Getting confusing, right? Let’s try an example to clarify.

We have 100 people in a room for a party and some of them are werewolves. We need a really good werewolf test, because we don’t want to miss any werewolves and we certainly don’t want to call someone a werewolf who isn’t. In addition to our new werewolf swab (patent pending), we also need a gold standard. In this case, we’ll wait for the full moon when the wolves will all turn. First we swab everyone, then the moon reveals there are 50 people in the room who are werewolves! So the prevalence in this room is 50%. (Yikes!)

The test identifies 54 people as being werewolves: 49 of those are in fact werewolves (true positives) and 5 aren’t (false positives). The test was negative for 46 people: 1 who is a werewolf (false negative) and 45 who weren’t (true negative). Look at the Werewolf Party #1 table.

The sensitivity of the test is 98%. We calculate this by dividing the number of true positives (49 people who had the disease AND a positive test) by the total number of people who have the disease (50 true positive AND false negatives).

The specificity is 90%. This is calculated by dividing the number of true negatives (45 people who test negative and don’t have the disease) by the total number true negatives and false positives (50 people who don’t have the disease).

The positive predictive value for this test is 90.7%. This is calculated by dividing the number of true positives (49 people who have the disease and a positive test) but the total number of people who had a positive test (54 true positives AND false positives). This means someone with a positive test result has a 90.7% chance of actually being a werewolf. Not too shabby.

The negative predictive value for this test is 97.8%. This is calculated by dividing the true negatives (45 people who don’t have the disease and have a negative test) by all the people with a negative test (46 true negatives AND false negatives). Someone with a negative test result has a 97.8% chance of not being a werewolf. This test is really good at ruling OUT werewolfery.

What if everyone invited a few non-werewolf friends to the gathering and now there are 500 people in the room? How does that change things? Let’s look at the Werewolf Party #2 table.
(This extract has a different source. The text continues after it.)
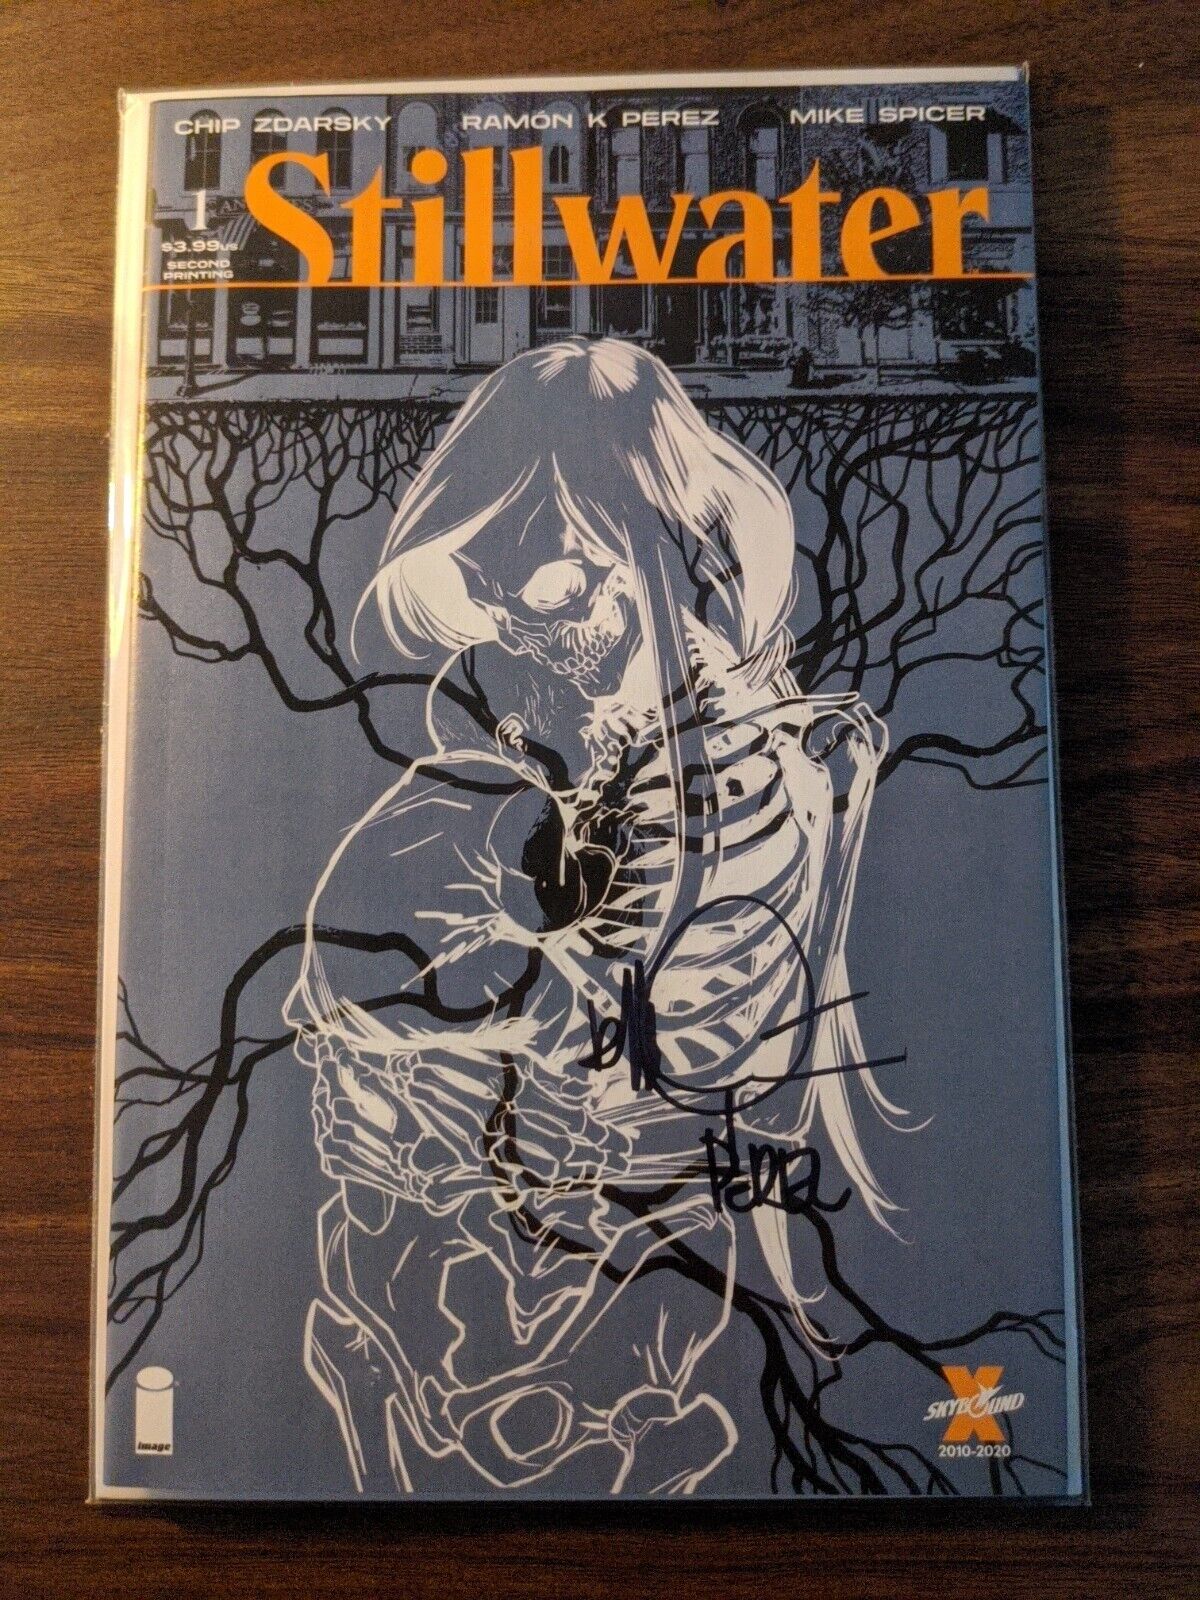 STILLWATER #1 SECOND PRINT COVER A HARD TO FIND. Signed Ramon Perez
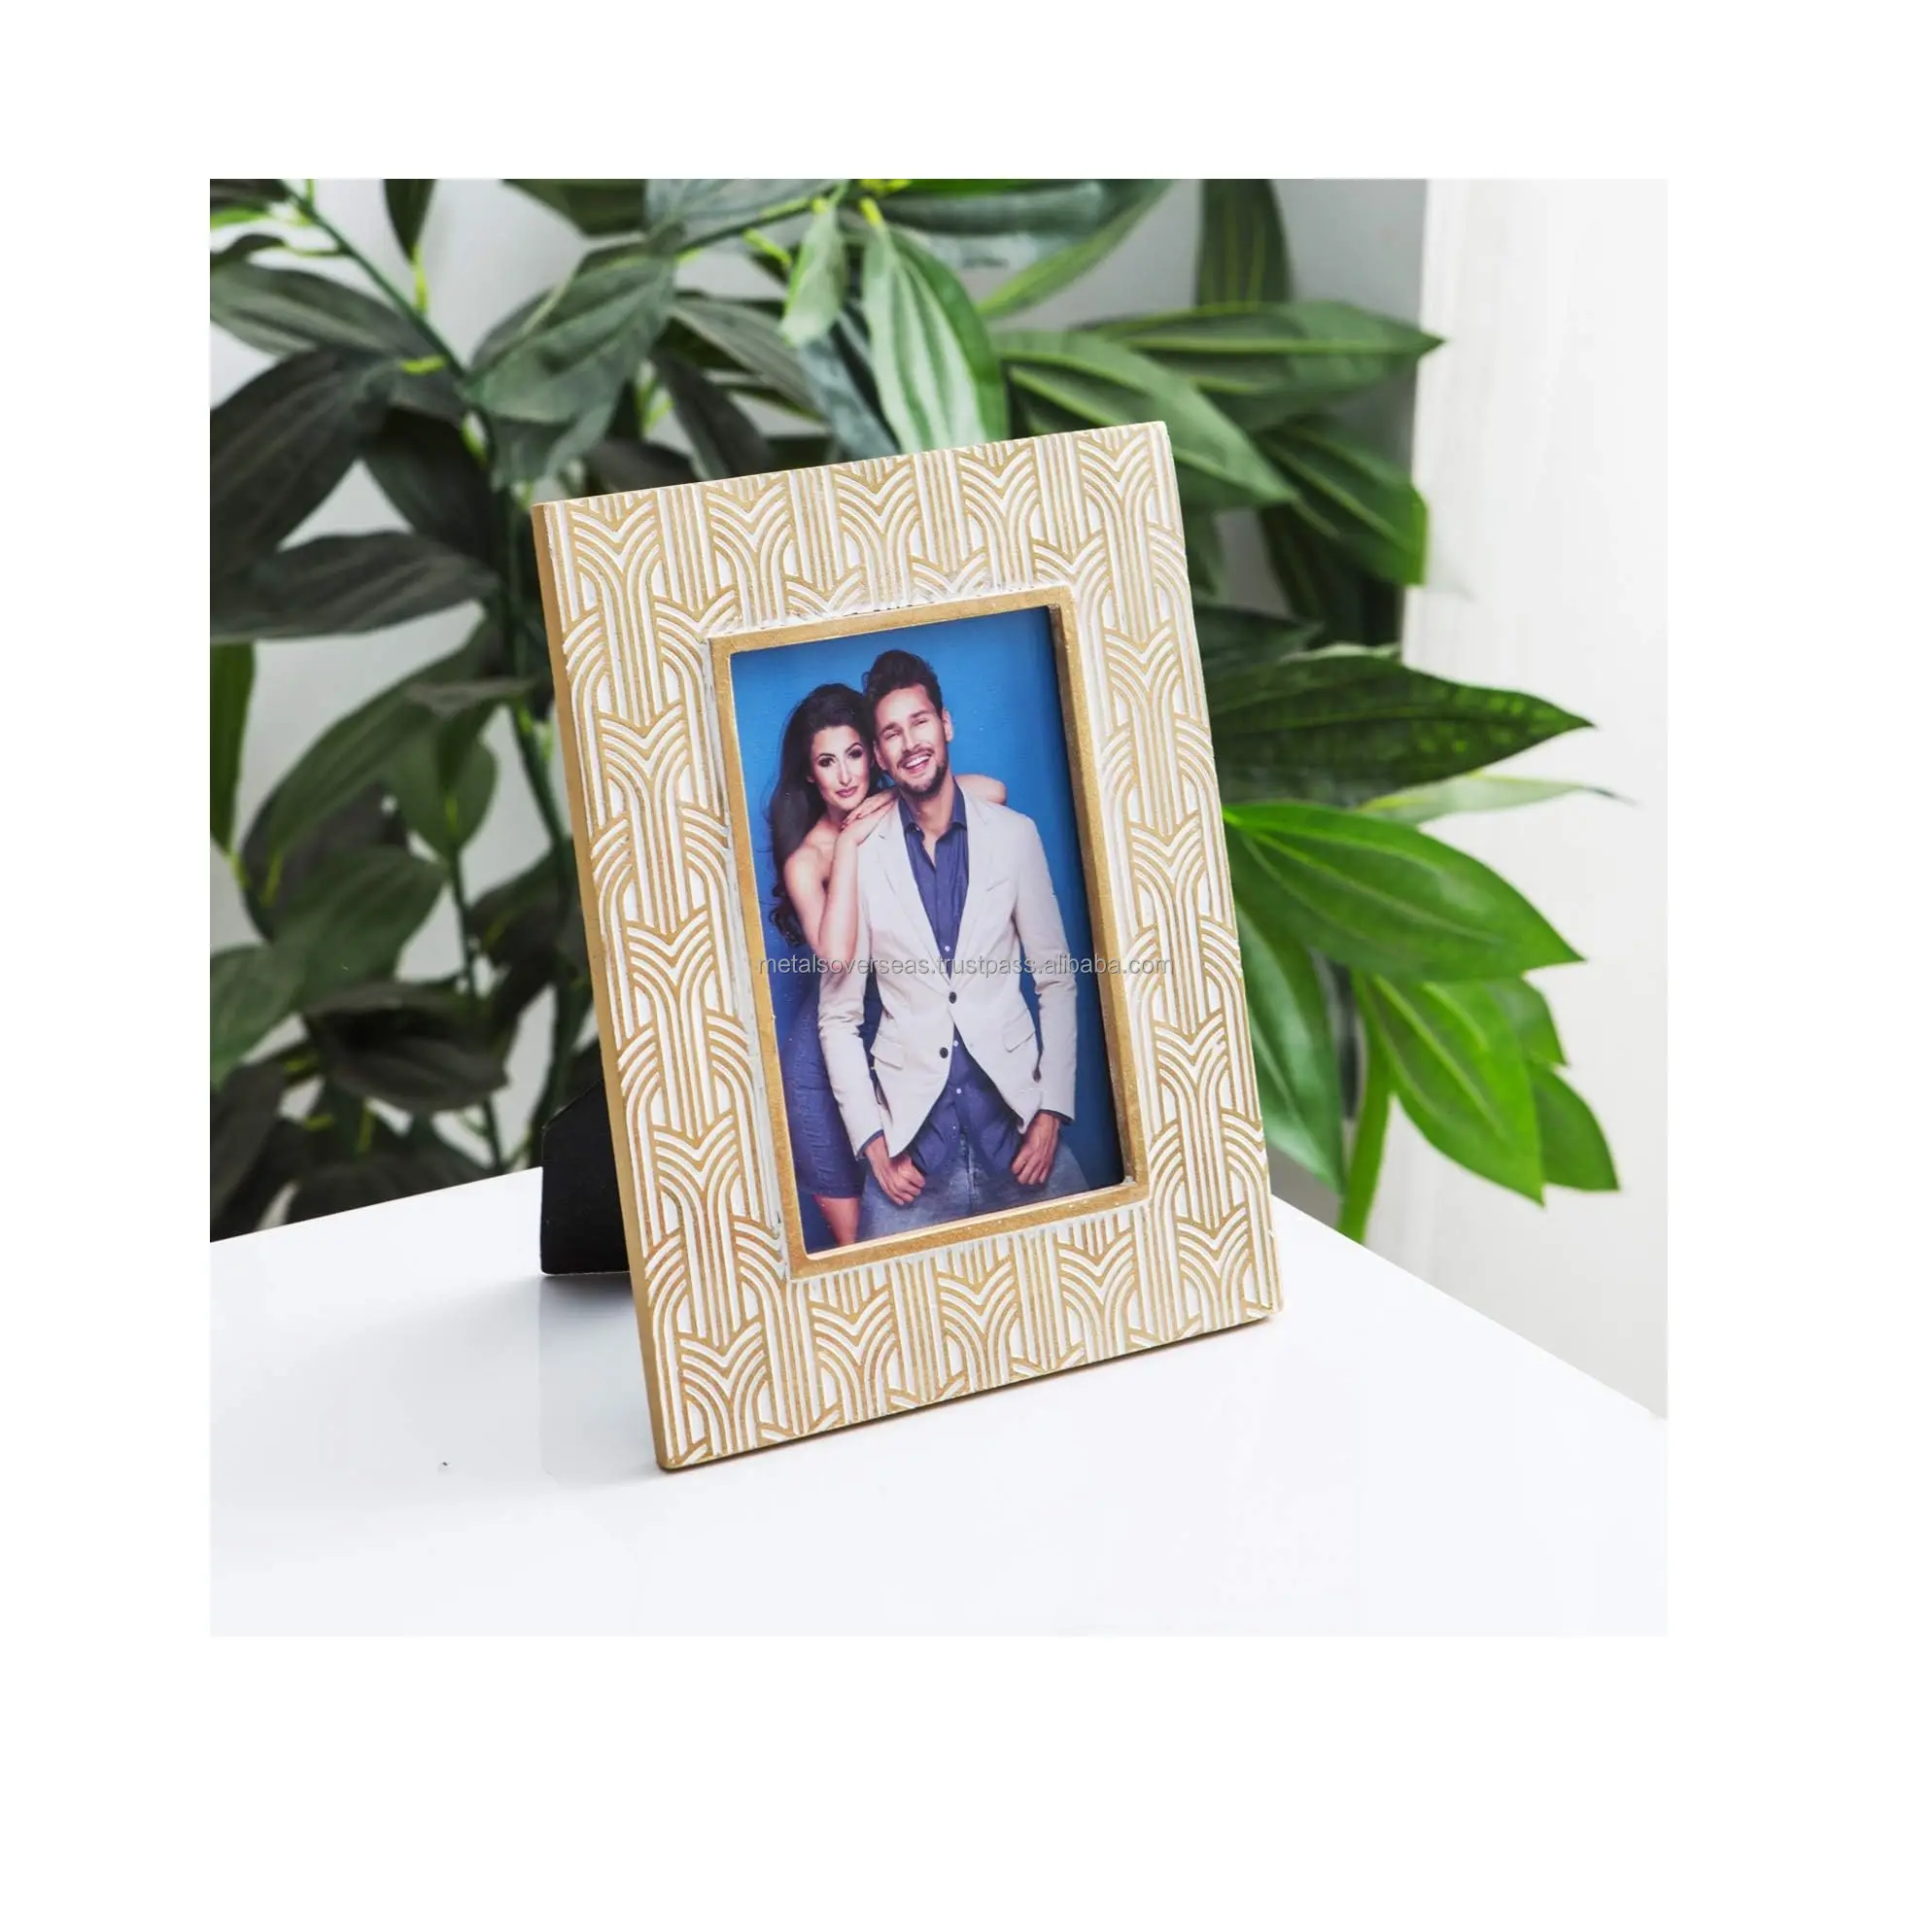 4x6 Picture Frames Resin Table Rustic Photo Frame with High Definition Glass for Wall or Tabletop Display

At this party, the prevalence is much lower with only 10% of the party goers being werewolves (50 people out of 500 are werewolves). But the sensitivity and specificity of the test didn’t change. The sensitivity remains 98% (calculated as 49 true positives divided by 50 people with the disease). The specificity remains the same at 90% (calculated as 450 true negatives divided by 500 people who don’t have the disease). The positive and negative predictive values change significantly though! Now, the positive predictive value is only 49.5% (calculated as 49 true positives divided by all 99 positive test results). That’s way less good and now is about as useful as flipping a coin. The negative predictive value is now 99.8% (calculated as 450 true negatives divided by all 451 negative test results). As the prevalence decreased, the test was less useful at telling if someone was a werewolf but more useful at ruling it out. This is why knowing how likely a disease is before you get the test (also called the pre-test probability) really matters.